Website: http://www.muirandosborne.co.uk/archives/1062

Email address to request pattern: [email protected]


----------



## deemail (Jan 25, 2011)

http://www.examiner.com/knitting-in-providence/free-baby-princess-top-down-sweater-pattern

different generation, but equally fun...


----------



## nitchik (May 30, 2011)

Thanks deemail for sharing that! Cute!


----------



## Denim (May 5, 2011)

I knit this sweater many many years ago and knit several other of her patterns that were available by mail. This one was a favourite and not hard to knit and is still being handed down. I hated to part with it, but I outgrew this one and knew it had to be shared.
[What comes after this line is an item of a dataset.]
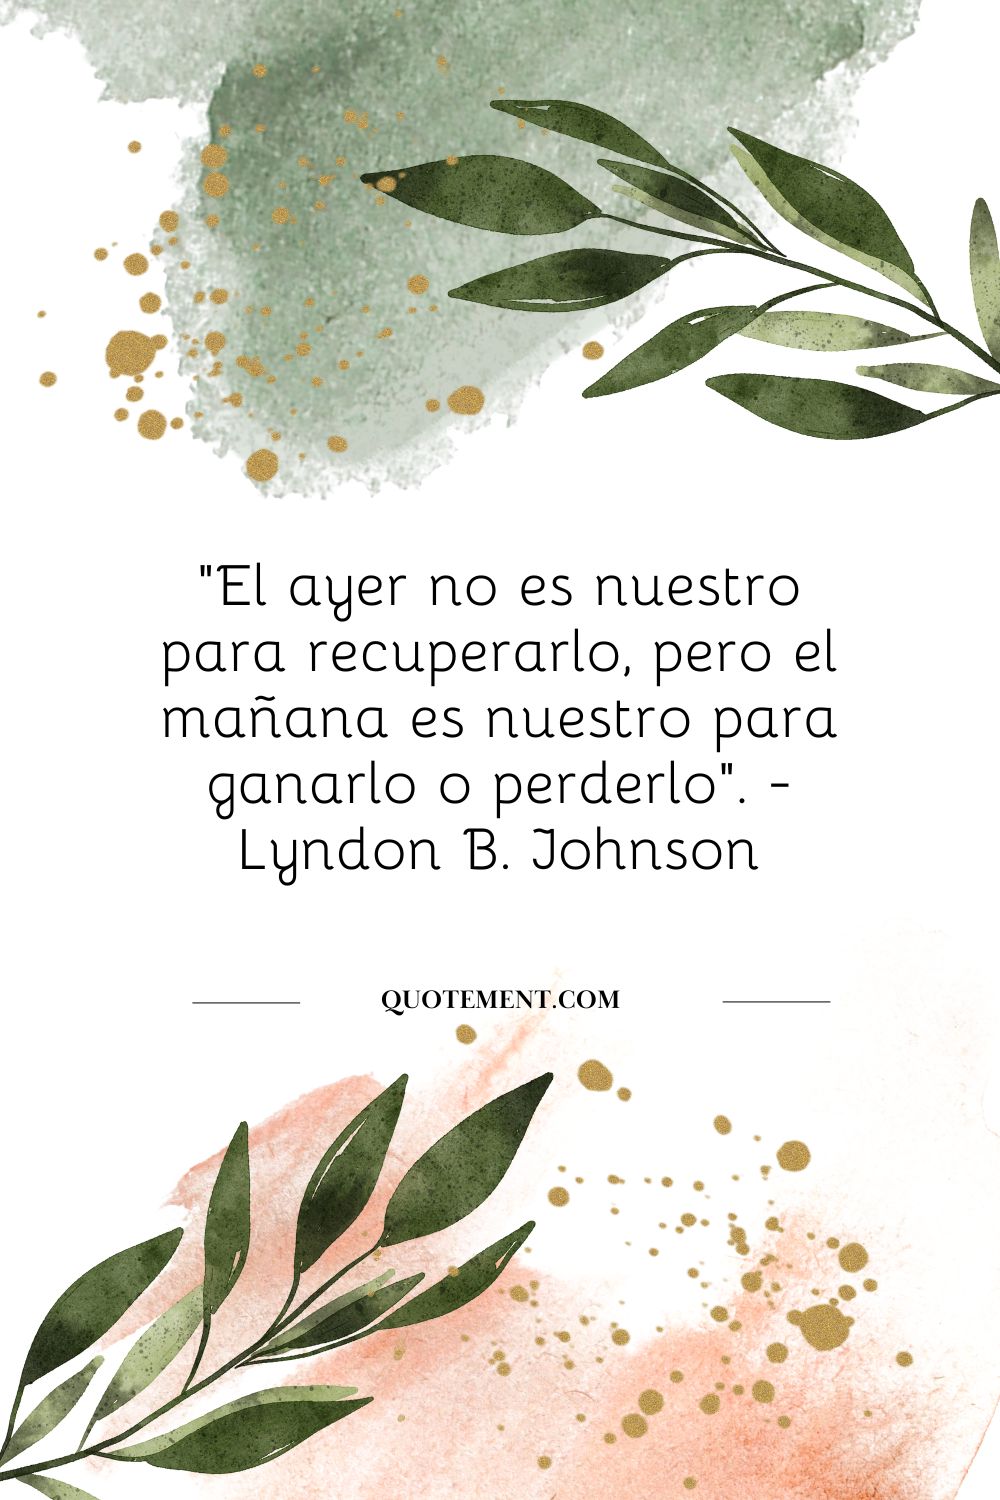 "El ayer no es nuestro para recuperarlo, pero el mañana es nuestro para ganarlo o perderlo". - Lyndon B. Johnson

There is also a gorgeous koala bear sweater pattern done in chunky that I had knit for my daughter when she was in high school. All of these patterns are easy to follow and well worth knitting.


----------



## Windbeam (Jul 31, 2011)

Thanks!


----------



## carpetweaver (Feb 10, 2011)

I remember that "jumper" so well and tried to reproduce versions of that on other items. I am thrilled too. Thanks


----------



## jeannie2954 (Apr 19, 2011)

My female curiosity got the better of me and I had to dig out my notebook for hand knit patterns. These patterns were out of a McCalls magazine 1984 January issue. There were actually three sweaters shown, the third was listed as a Llama sampler sweater with a single llama on each side of the yoke, with other designs. It doesn't seem like that long ago that I removed the patterns from the magazine - guess my age is showing again!


----------



## nitchik (May 30, 2011)

jeannie2954 said:


> My female curiosity got the better of me and I had to dig out my notebook for hand knit patterns. These patterns were out of a McCalls magazine 1984 January issue. There were actually three sweaters shown, the third was listed as a Llama sampler sweater with a single llama on each side of the yoke, with other designs. It doesn't seem like that long ago that I removed the patterns from the magazine - guess my age is showing again!


Aha! That woud explain why the pdf I received looked for all the world like a scan of a cut-out page, compete with some wrinkling! LOL! But at least I _have it!


----------



## Cheshire Cat (Aug 12, 2011)

Isn't it just so lovely.



nitchik said:


> What a thrill to find this! At least I think so!
> 
> Here is the website to view it. It took me ages to negotiate this site to find how to request the Free pattern, but here is how get it. Email Sally Muir to request the free pattern, available with UK or US instructions. She will send it as a pdf (free) to download.
> 
> ...


----------



## Cheshire Cat (Aug 12, 2011)

If only it would catch on. Imagine today seeing the headlines: Princess knits.



deemail said:


> http://www.examiner.com/knitting-in-providence/free-baby-princess-top-down-sweater-pattern
> 
> different generation, but equally fun...


----------